The answer must reproduce the listing exactly, with every picture left out.

### The data
◇ ◇ ◇
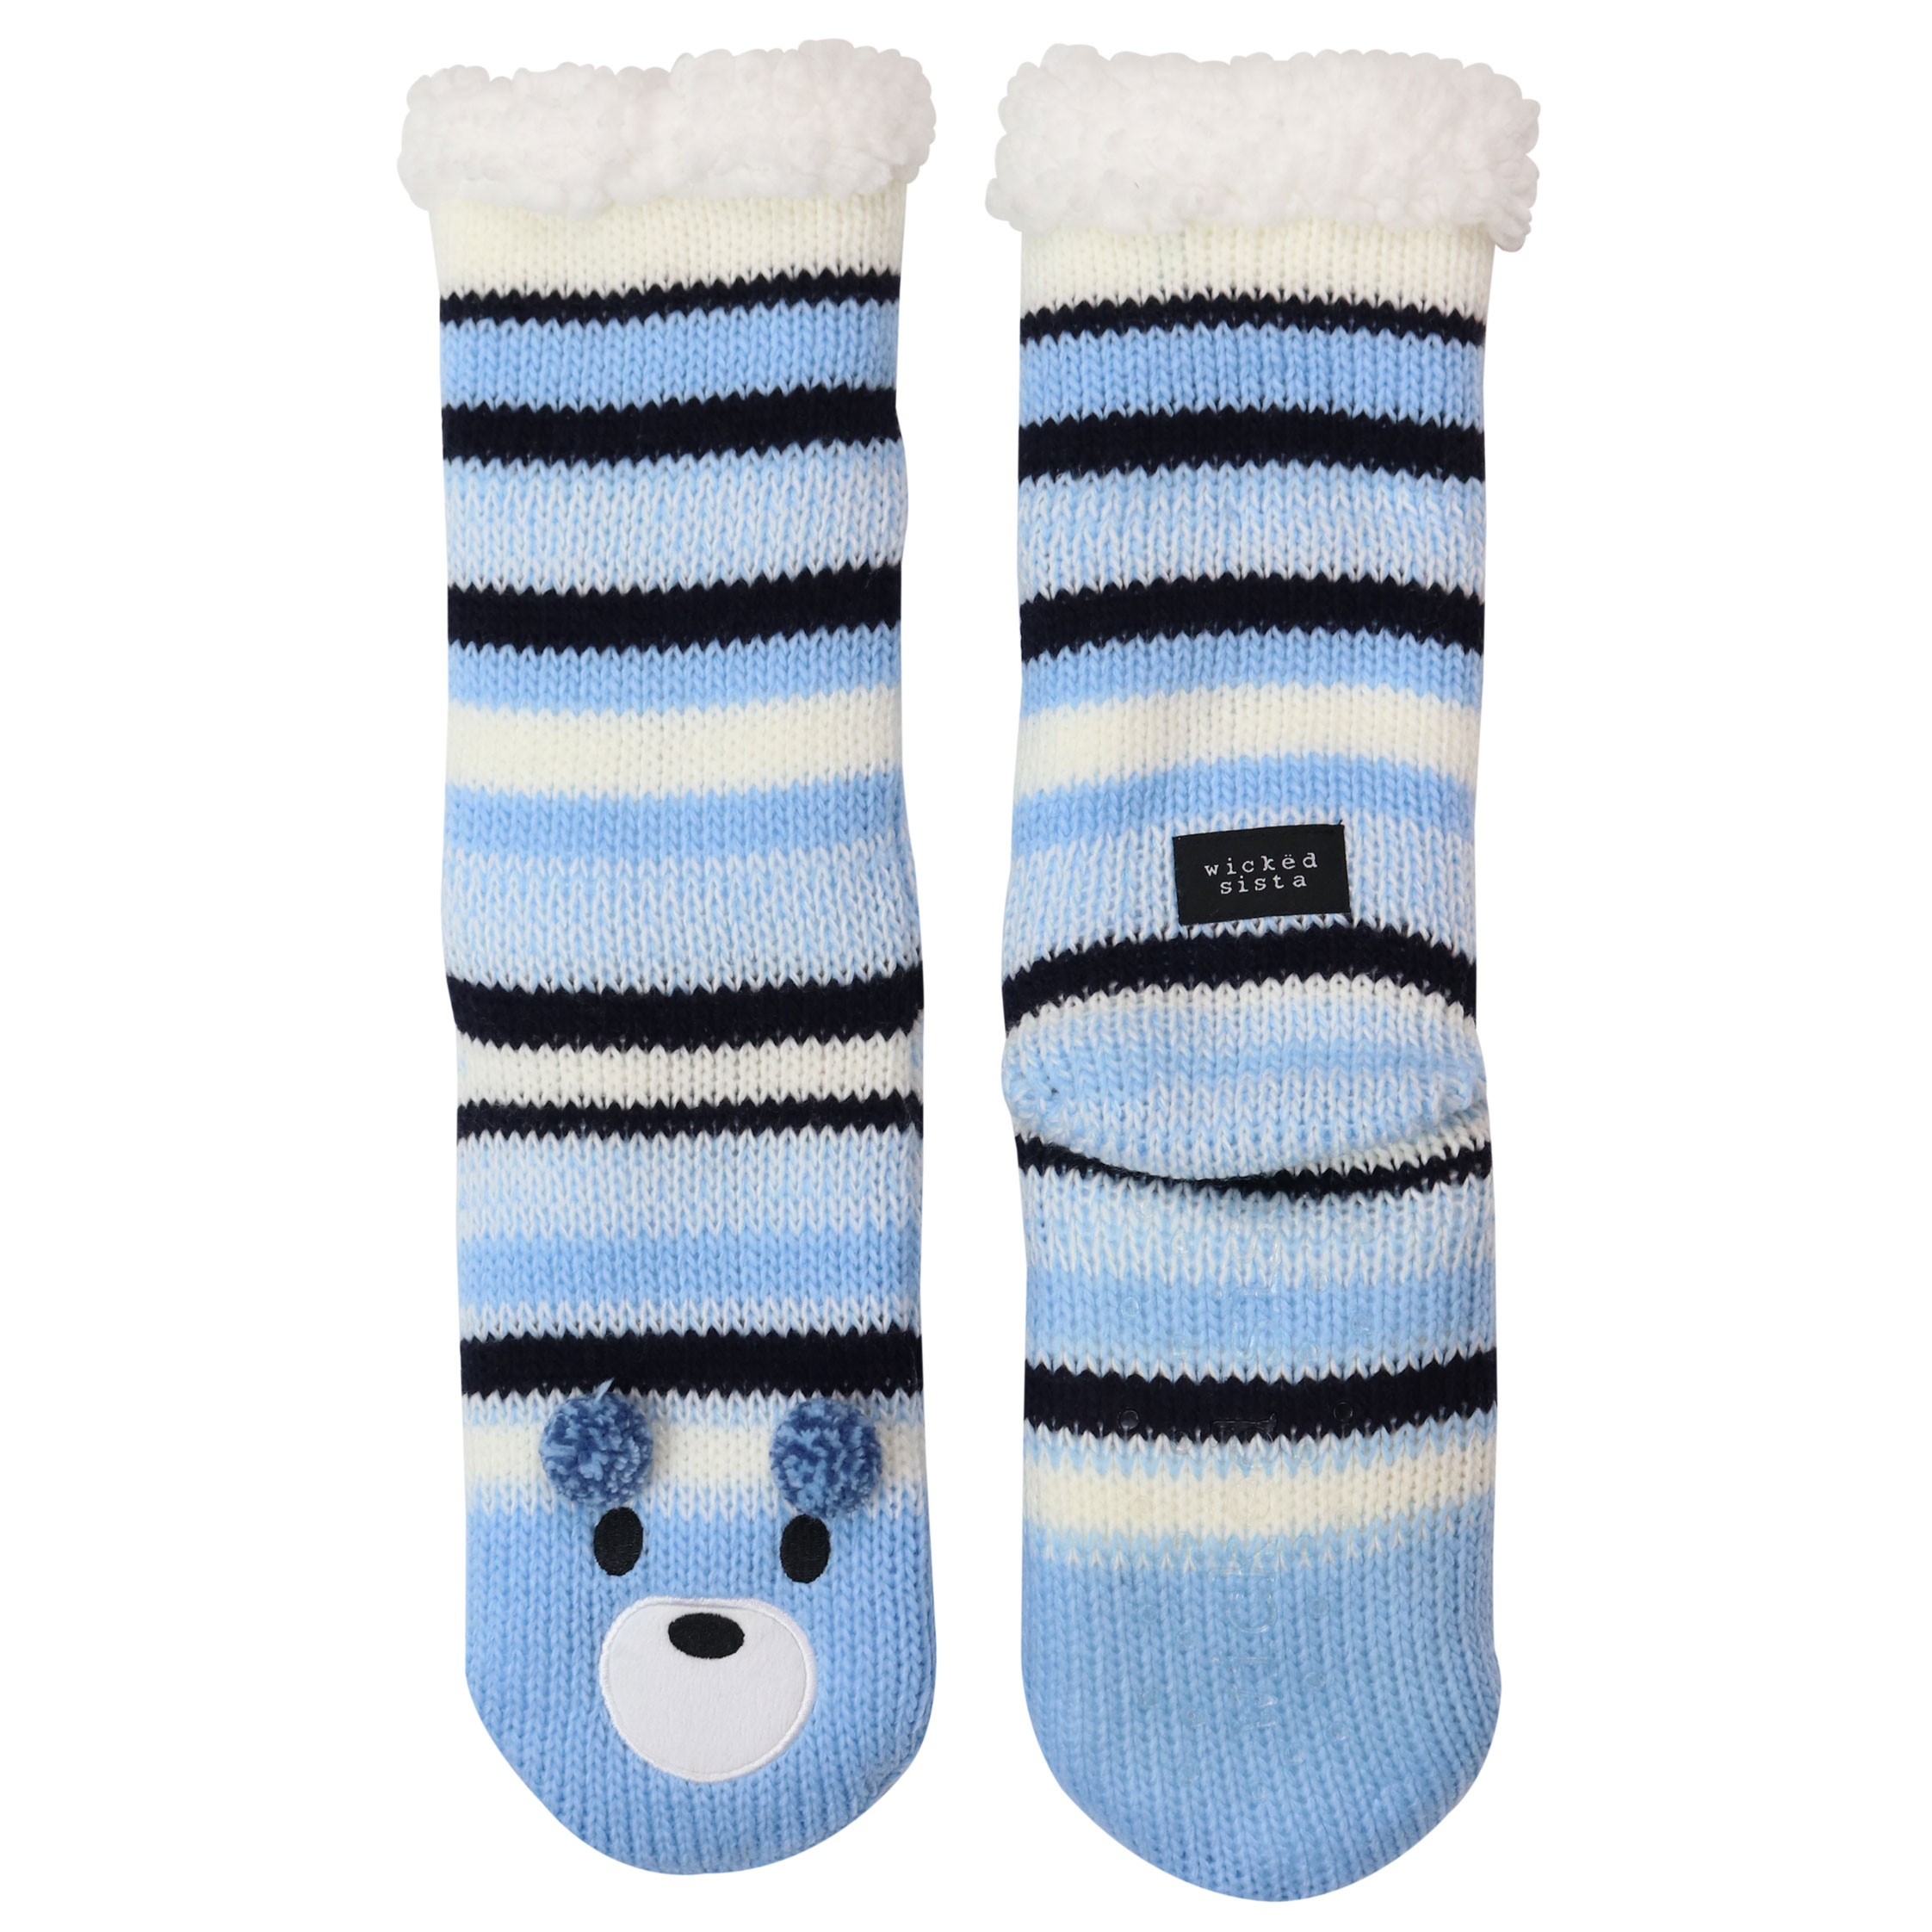 Bear stripe slipper socks - Wicked Sista | Cosmetic Bags, Jewellery ...
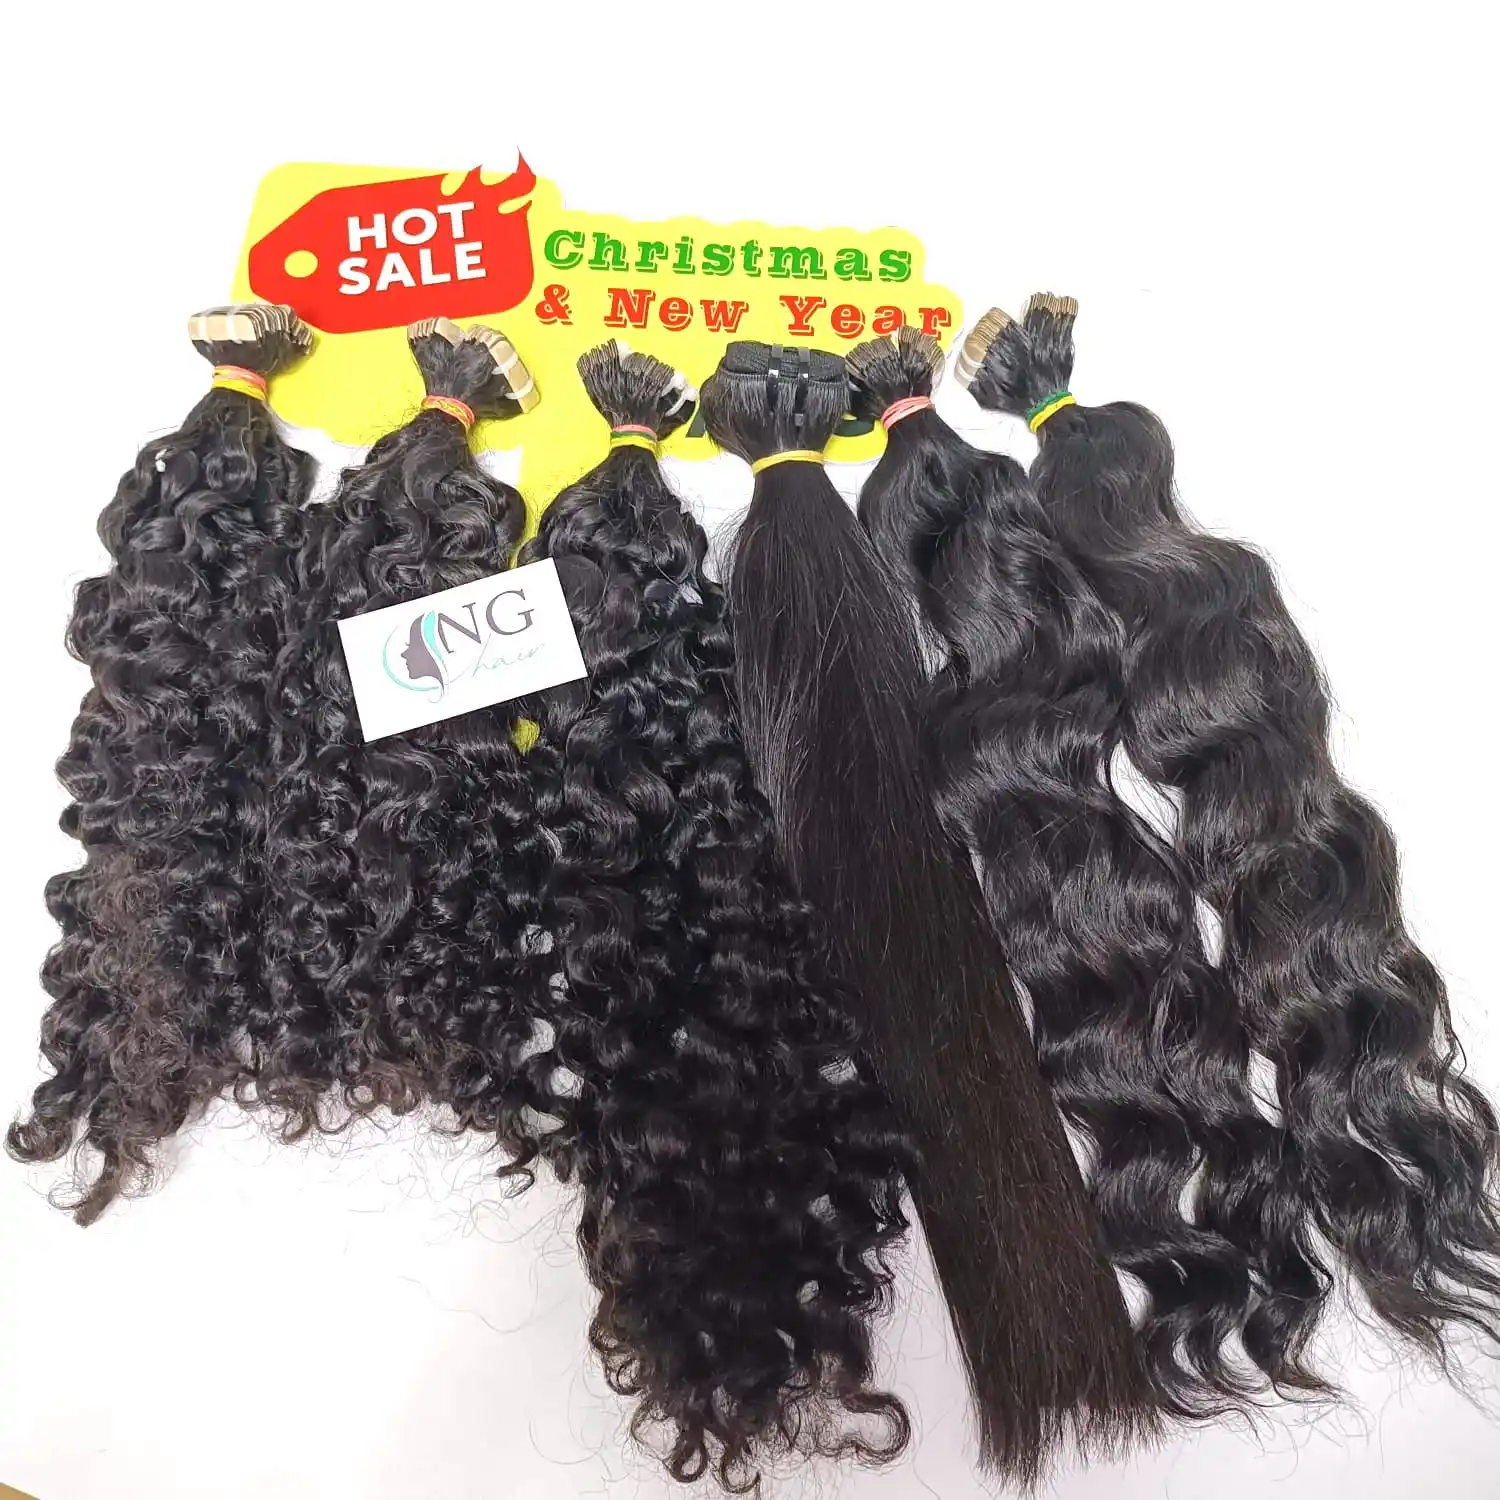 할인 모든 제품 100% 베트남어 인간의 머리, 풀 컬러 버마어 곱슬 머리 확장 환영 크리스마스.
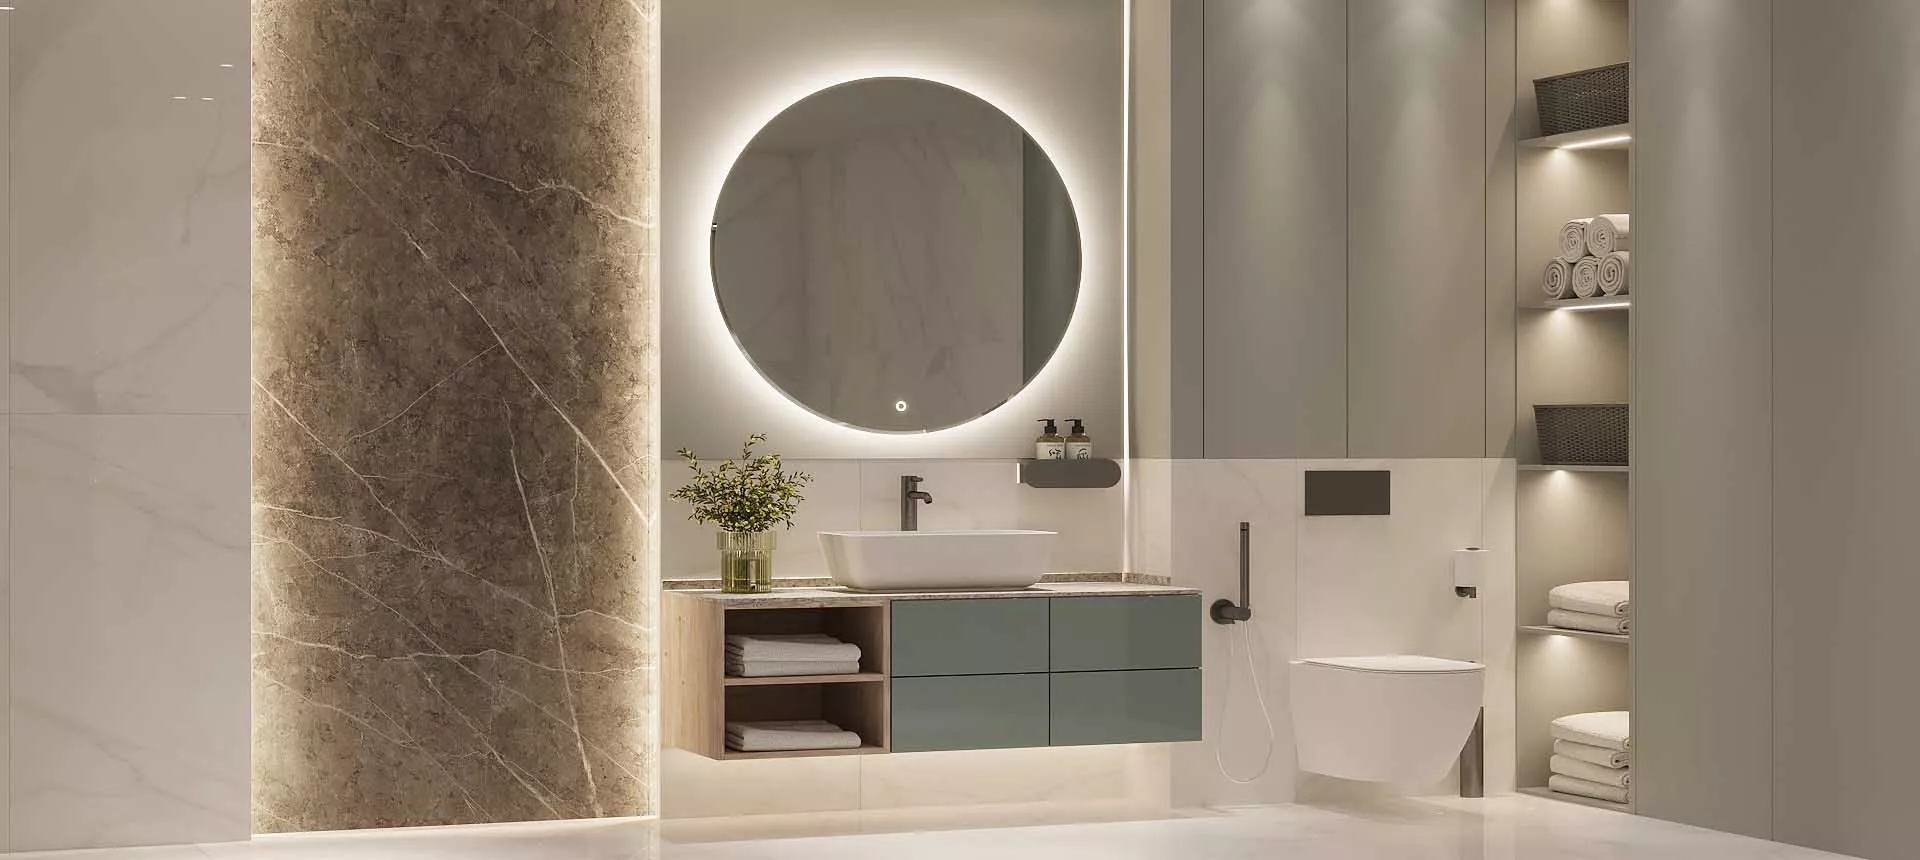 Элегантность и практичность в ванной мебели
◇ ◇ ◇
### Completed task
 Bear stripe slipper socks - Wicked Sista | Cosmetic Bags, Jewellery ...
 할인 모든 제품 100% 베트남어 인간의 머리, 풀 컬러 버마어 곱슬 머리 확장 환영 크리스마스.
 Элегантность и практичность в ванной мебели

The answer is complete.